Все было в порядке, да и в каком еще порядке: весь мир был хорошо устроен. Сплошное добродушие было в основе всего мира.
Пушкин Энгельгардта ненавидел, сам не зная почему. Он разговаривал с ним, опустив глаза. Он грубо хохотал, когда у Энгельгардта случались неприятности. И Энгельгардт терялся перед этим неорганизованным явлением. Он в глубине души тоже ненавидел и – что было хуже всего – боялся Пушкина. Сердце этого молодого человека было пусто, ни одной искры истинного добродушия не было в нем, одна беспорядочная ветреность да какие-то звуки в голове, и при этом нерадивость, легкомыслие и – увы – безнравственность! За этого воспитанника Егор Антонович не отвечал ни в коем случае: он никак не мог подыскать для него ярлыка.
Но Кюхель, неорганизованный Кюхель (Егор Антонович звал Вильгельма «Кюхель», а не «Кюхля»: это было по-лицейски и все же немножко не так, как у лицеистов, у мальчиков), Кюхель, также подверженный крайностям и легкомыслию, – Егор Антонович понимал его. Да, да, Егор Антонович понимал этого безумного молодого человека из хорошей немецкой фамилии. Это был донкихот, крайне необузданный, но настоящая добродушная голова. Егор Антонович знал твердо, что Кюхель – неорганизованная голова, которую в жизни ожидают большие неприятности, – но притом добродушная голова. И этого было для него достаточно: добродушия, лежавшего в основе всего мира, Кюхель не портил.
Пушкина Энгельгардт боялся, потому что не мог понять, но Кюхельбекера он любил, потому что понимал его, – хотя оба они были неорганизованные существа.
Давид Иванович Будри был коротенький, толстенький старичок в засаленном, слегка напудренном парике, с черными острыми глазами, строгий и даже придирчивый. Он бодро и быстро бросал слова, шутил язвительно – и весь класс хохотал от его шуток. Но самым его большим наслаждением была декламация. Когда, полузакрыв глаза, он декламировал «Сида», протяжно завывая, – лицеисты замирали на своих местах, что не мешало им после хохотать, когда Яковлев его передразнивал.
Кюхля относился к нему с особым чувством; он не любил его, но смотрел на Будри с непонятным удивлением, почти ужасом: Куницын сказал ему под большим секретом, что Давид Иванович родной брат Марата, того самого – его только заставили переменить фамилию. Маленький старичок ничем не напоминал того страшного, но чем-то для Кюхли обольстительного Марата, портрет которого он видел в какой-то книжке.
Однажды он решился и подошел тихонько к Давиду Ивановичу.

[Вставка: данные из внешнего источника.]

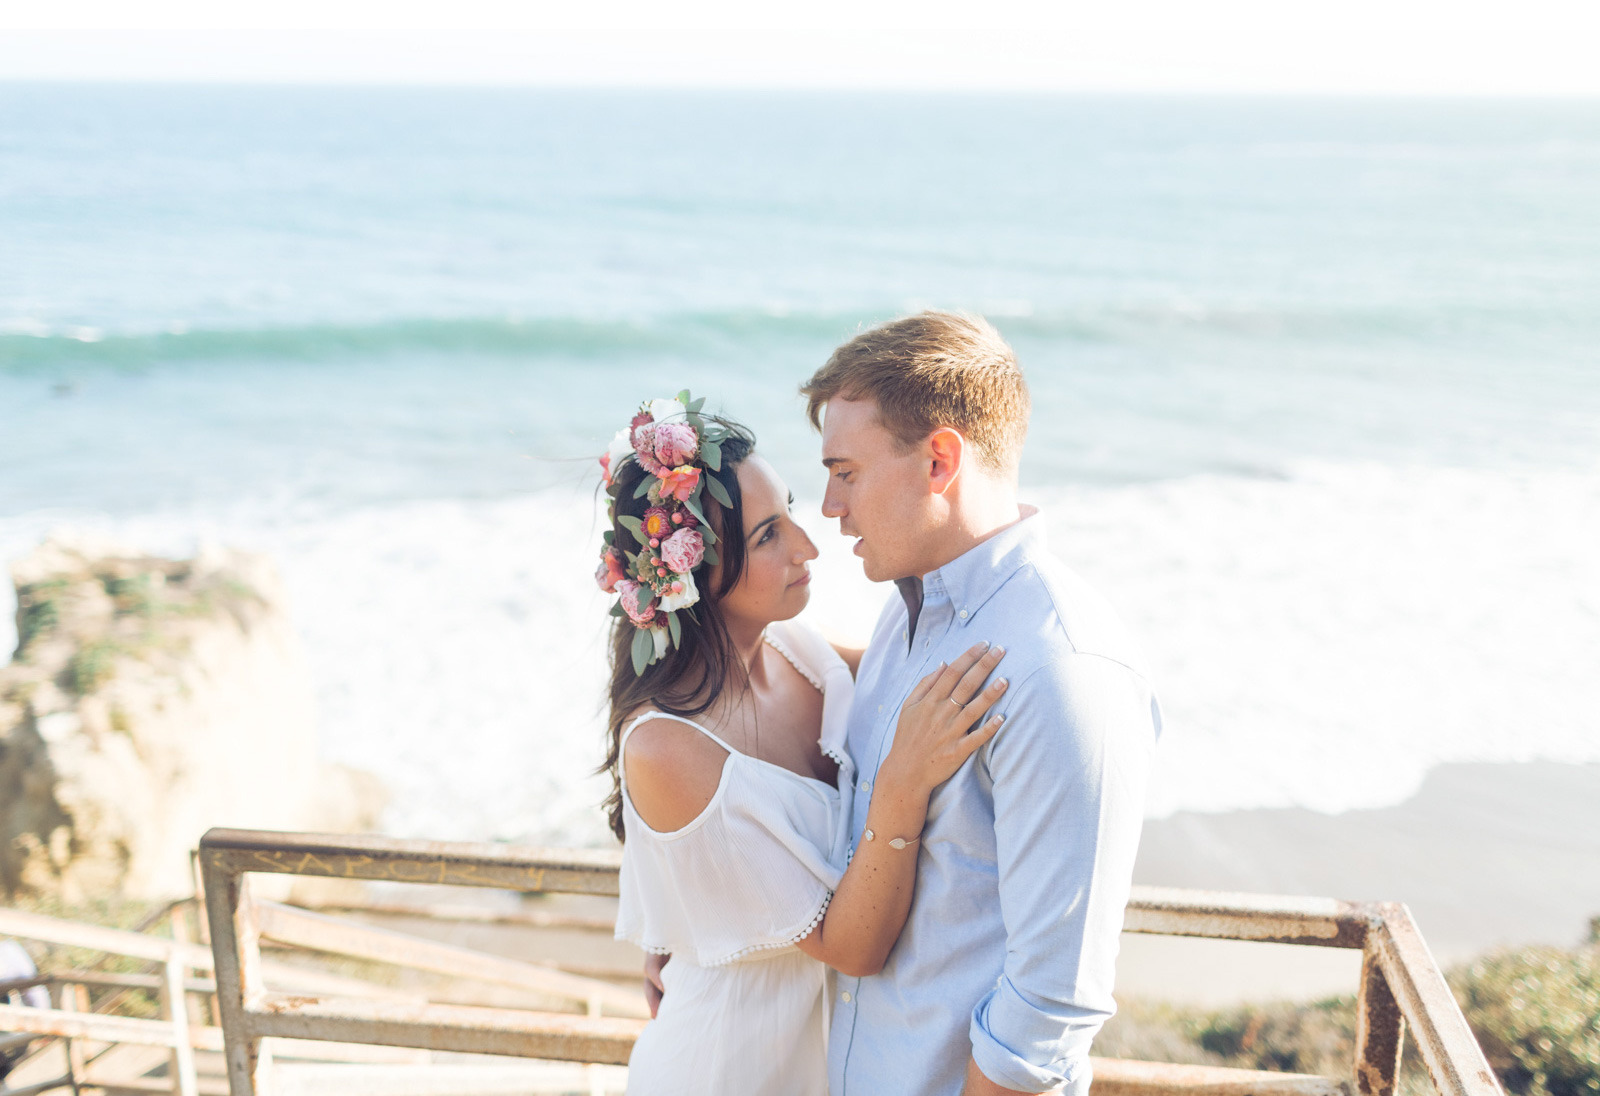 San-Luis-Obispo-Wedding-Photographer-Natalie-Schutt-Photography_12.jpg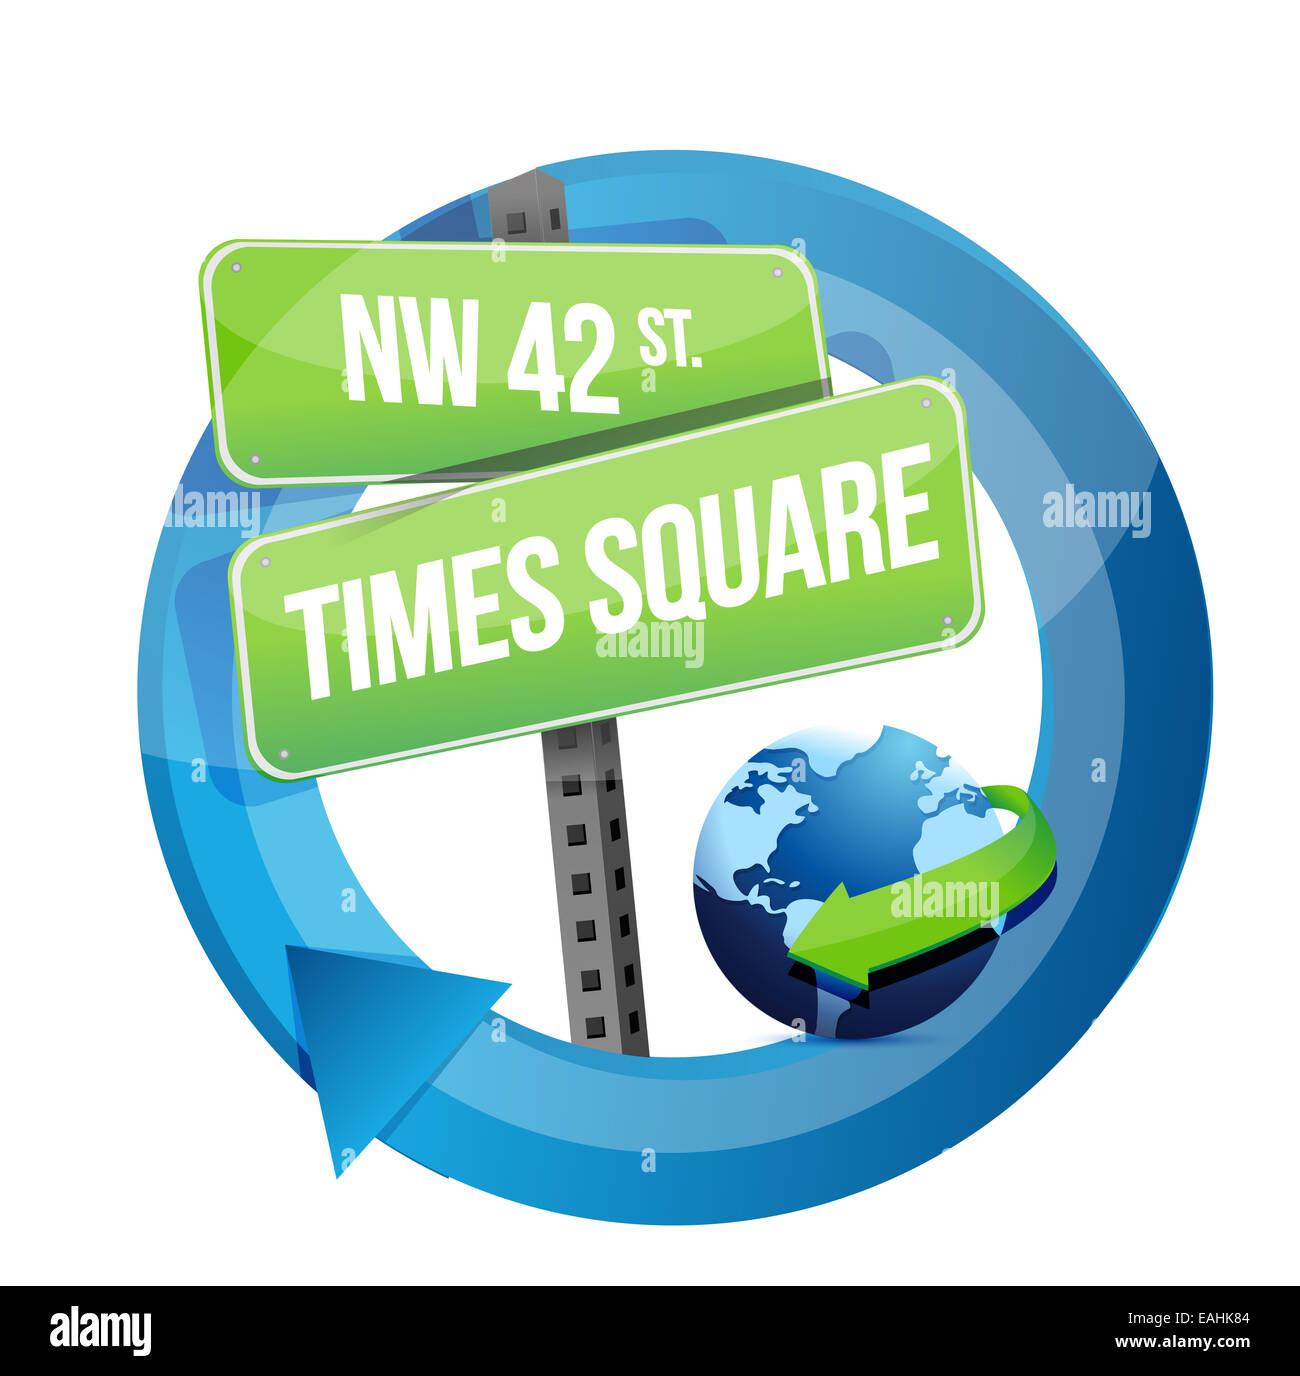 Times square road sign illustration design - Stock Image

– Давид Иванович, – сказал он тихо, – расскажите мне, прошу вас, о вашем брате.
Де Будри живо обернулся и посмотрел на Кюхлю пронзительно.

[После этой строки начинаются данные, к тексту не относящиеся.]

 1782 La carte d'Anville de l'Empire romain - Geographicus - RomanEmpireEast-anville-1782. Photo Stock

– Мой брат, – спокойно сказал он, – был великий человек, он был, помимо всего, замечательный врач. – Де Будри задумался и улыбнулся. – Раз, желая предостеречь меня от развлечения юности – вы понимаете? – он повел меня в госпиталь и показал там язвы человечества. – Он пошевелил губами и нахмурился. – О нем много неверного пишут, – сказал он быстро и не смотря на Вильгельма. И вдруг, окинув его взглядом, добавил совершенно неожиданно: – А вы тщеславны, мой друг. Вы честолюбивы. Это вам не предвещает ничего хорошего.

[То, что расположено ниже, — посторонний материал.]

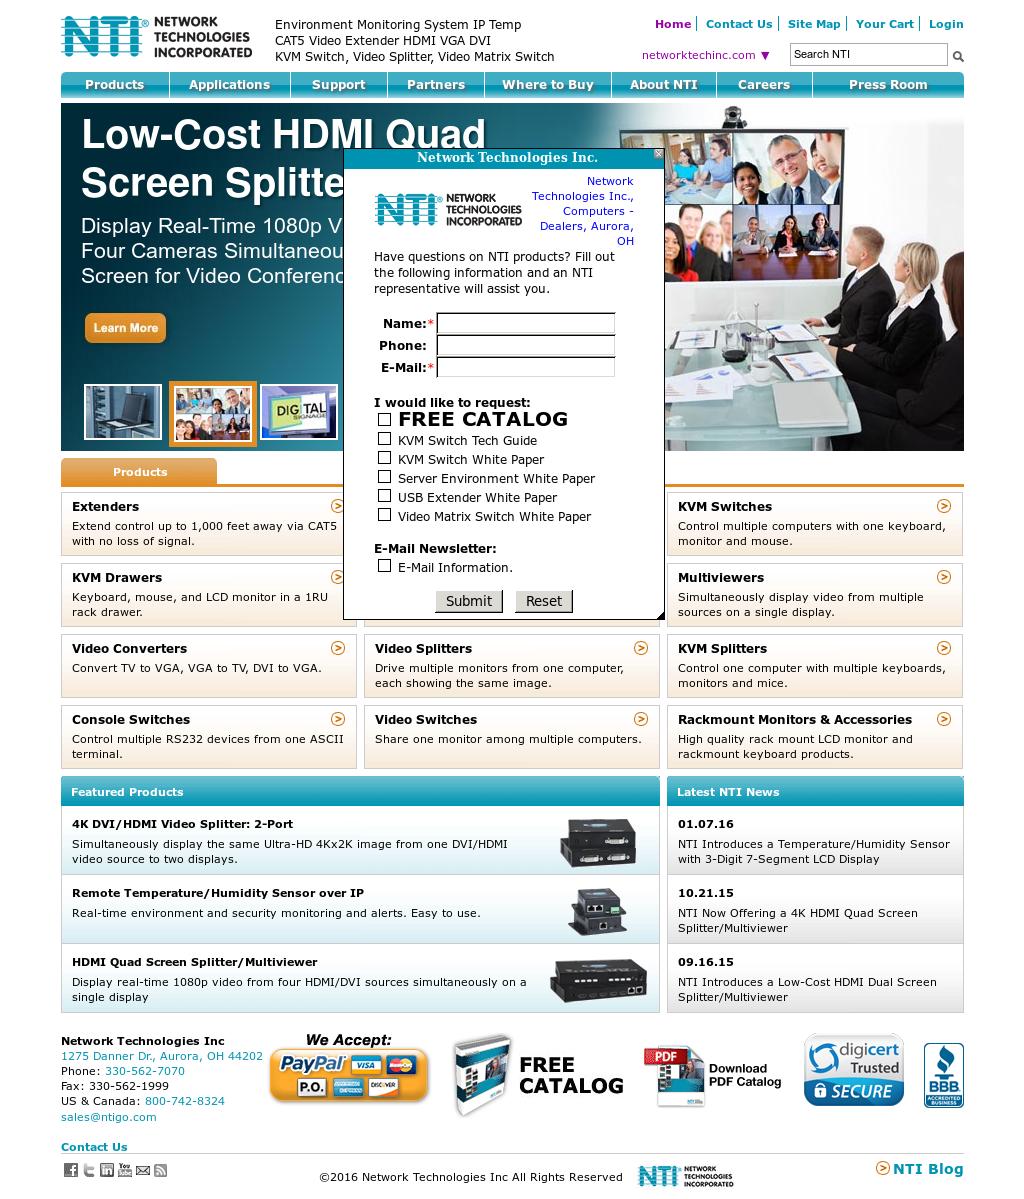 Owler Reports - Press Release: NTI : NTI Now Offering a 4K HDMI

Вильгельм посмотрел на него удивленно.
Де Будри был прав. Вильгельм недаром перед сном воображал какую-то воющую толпу.
V
Скоро для тщеславия Вильгельма случай представился. Это было в декабре четырнадцатого года. Приближался переводной экзамен. Переводные экзамены в Лицее были всегда большим событием. Наезжали из города важные персоны, и начальство перед экзаменами испытывало лихорадку честолюбия, стараясь блеснуть как можно более.